Gorizia, 5 Marzo 2025 – Il mondo del giornalismo sportivo e non solo oggi è in lutto. A pochi giorni dal suo 87esimo compleanno, ci lascia Bruno Pizzul, ex calciatore e voce storica con cui abbiamo vissuto 5 Mondiali tra cui il celebre Italia ’90, la finale di Usa ’94 e quattro Campionati europei, tra cui quello del 2000 che vede l’Italia perdere con la Francia. A darne l’annuncio i familiari che non sono scesi nei particolari sulle cause del decesso; al momento sappiamo solo che era ricoverato presso l’ospedale di Gorizia. Da tempo infatti era tornato a vivere in Friuli.
Tanti i messaggi di cordoglio da tifosi, colleghi, sportivi e politici. «Perdo un caro amico» dice Dino Zoff intervistato da AdnKronos, «avevamo tante cose in comune, siamo tutti e due friulani e con la passione per il calcio, spesso l’estate ci incontravamo a pranzo o a cena e si parlava di tutto in particolare del nostro sport. Mi mancherà. É stato un grande professionista, un intenditore di calcio ma soprattutto un uomo con la schiena dritta, una persona a modo, mai sopra le righe»
La carriera
Nato a Udine l’8 marzo del 1938, Pizzul si avvicina al calcio da giovanissimo giocando per alcune squadre come il Catania, l’Udinese, il Sassari Torres, ma successivamente deve abbandonare gli scarpini a causa di un grave infortunio al ginocchio che lo costringerà al ritiro. La passione per il pallone non lo abbandonerà mai comunque, dopo la laurea in giurisprudenza e alcuni anni come insegnante di scuole medie entra in Rai iniziando la sua carriera come telecronista nel 1970. Famosissimo e inconfondibile per il suo timbro vocale diventa, a partire dal 1986, la voce ufficiale della telecronaca delle partite della Nazionale fino al 2002. Il rammarico per non aver mai potuto raccontare una vittoria della Nazionale ai mondiali lo accompagnerà fino alla fine.

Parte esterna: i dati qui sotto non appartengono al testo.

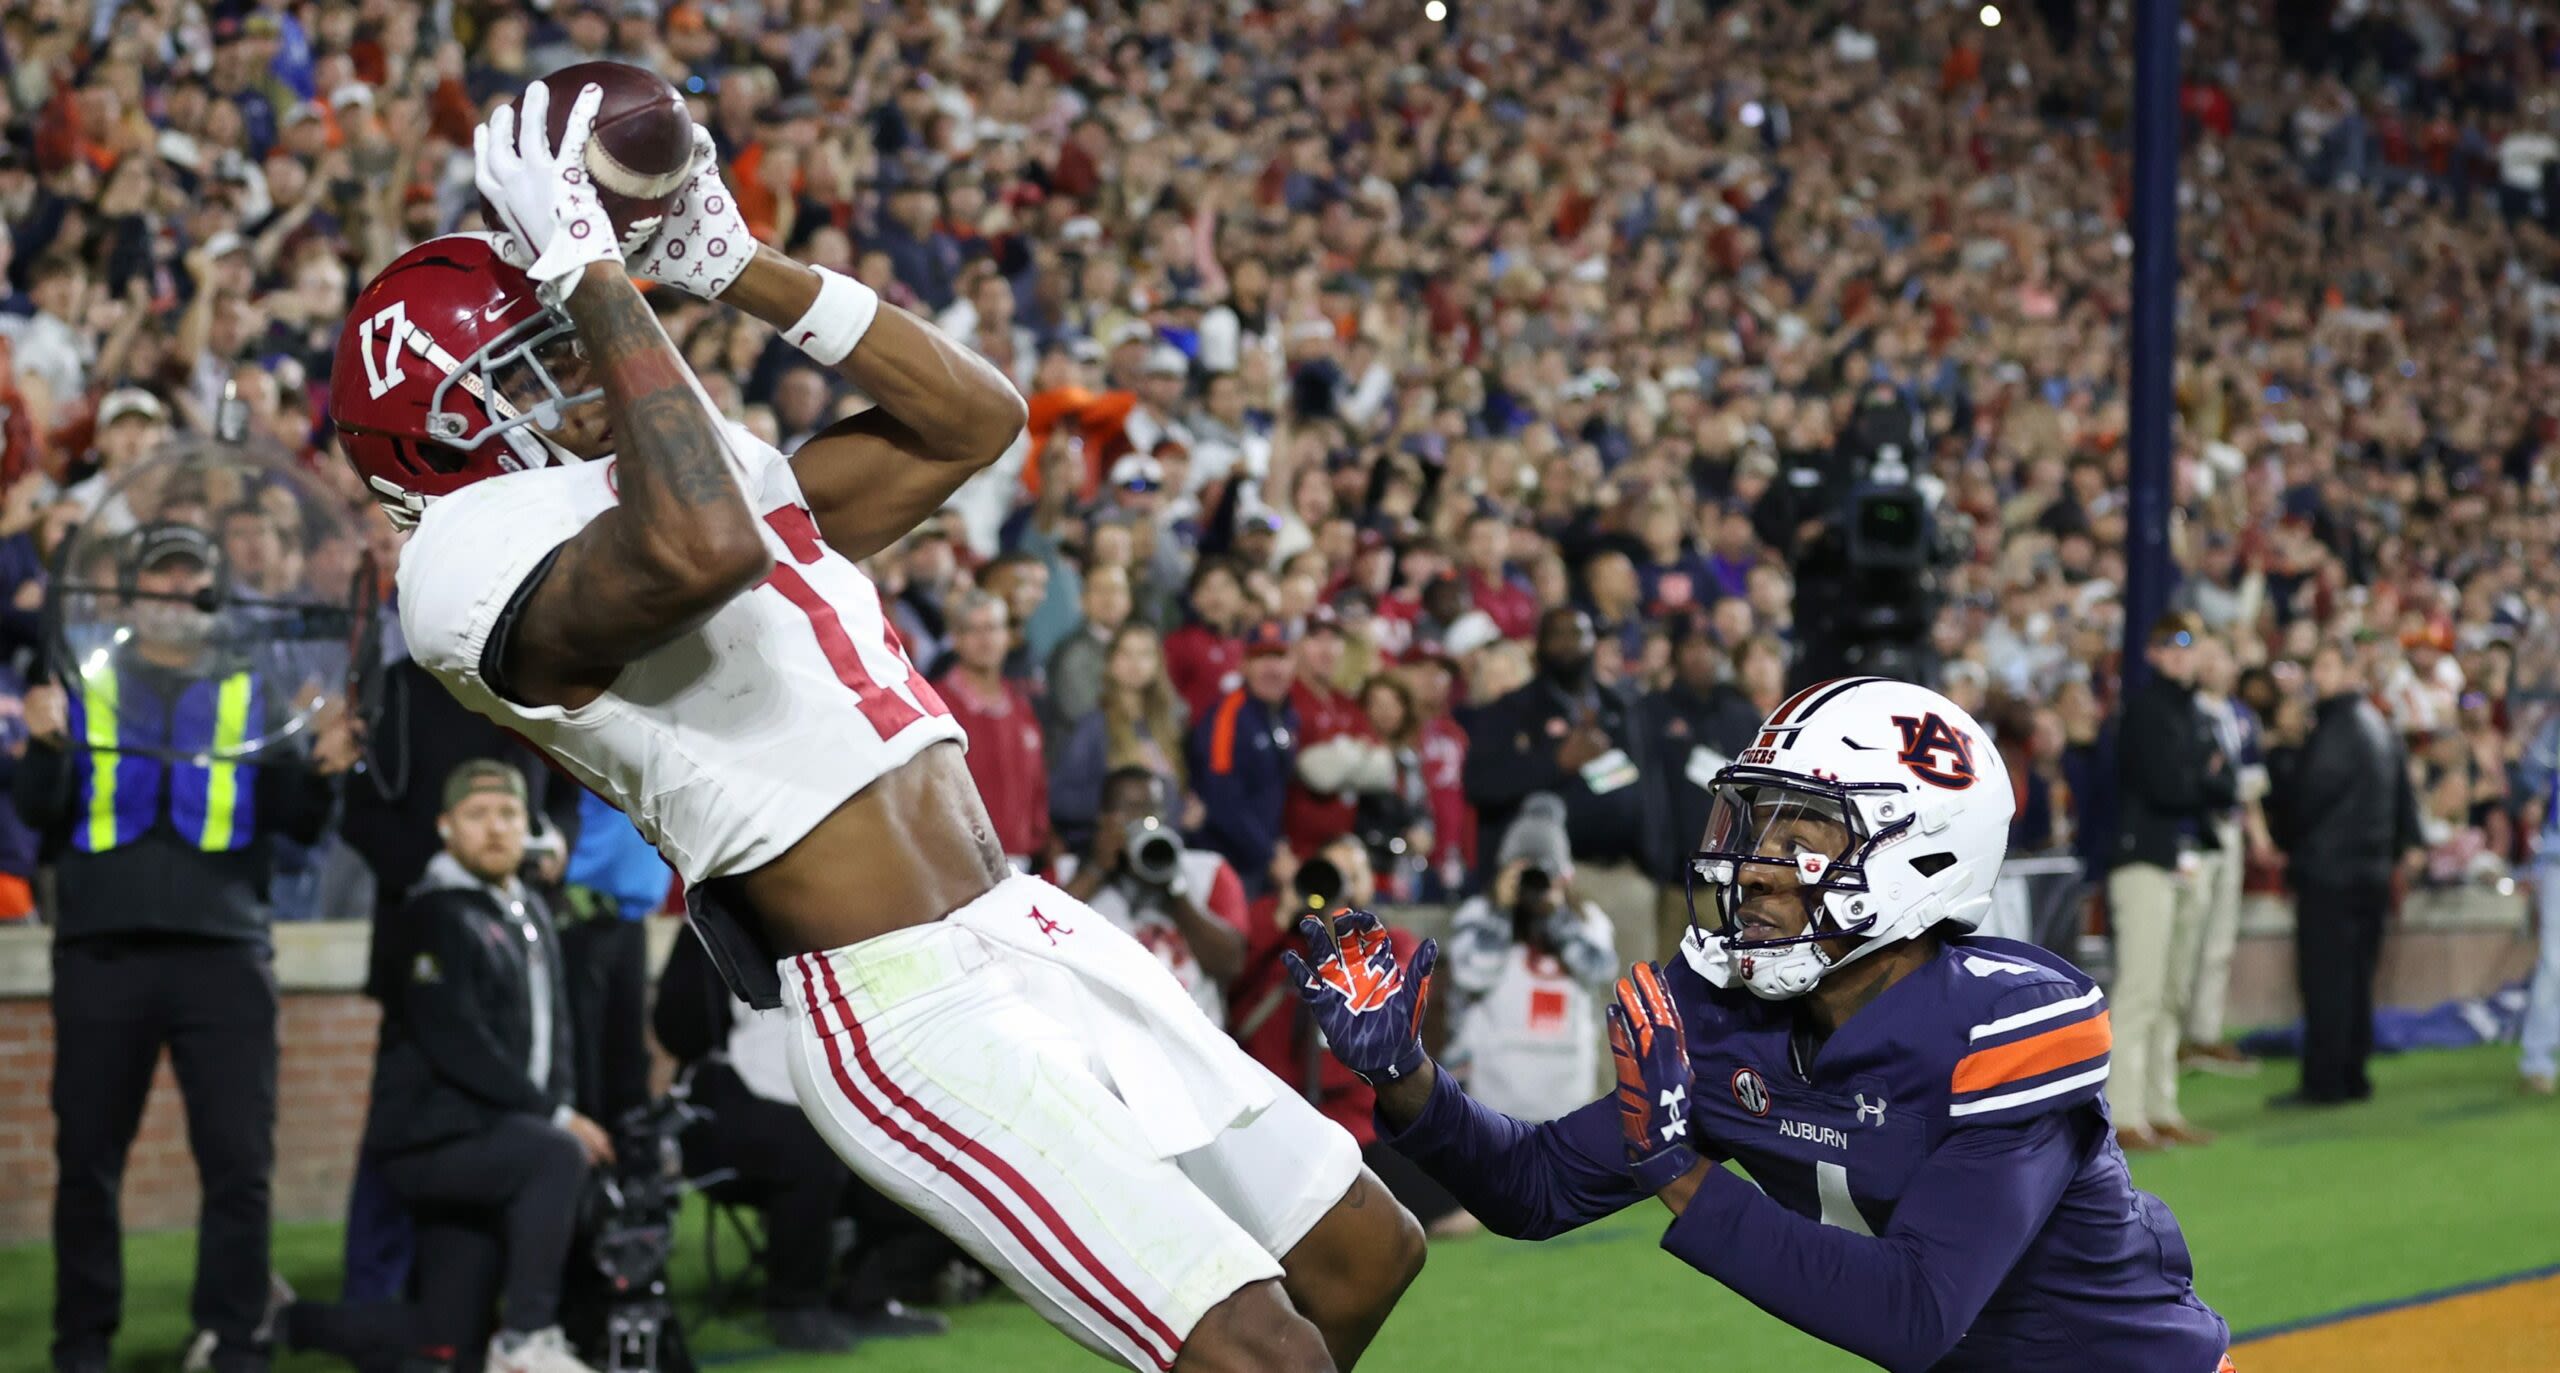 Does the Red River Rivalry dethrone the Iron Bowl as the best SEC rivalry game?

Non solo il calcio era una sua passione, conduttore prima di Domenica Sprint e poi della Domenica Sportiva, ha prestato la voce anche per altri eventi sportivi come il pugilato, il tennis, il ciclismo, barca a vela, senza mai abbandonare il suo primo amore. Si è anche prestato al cinema, dove ha interpretato sé stesso.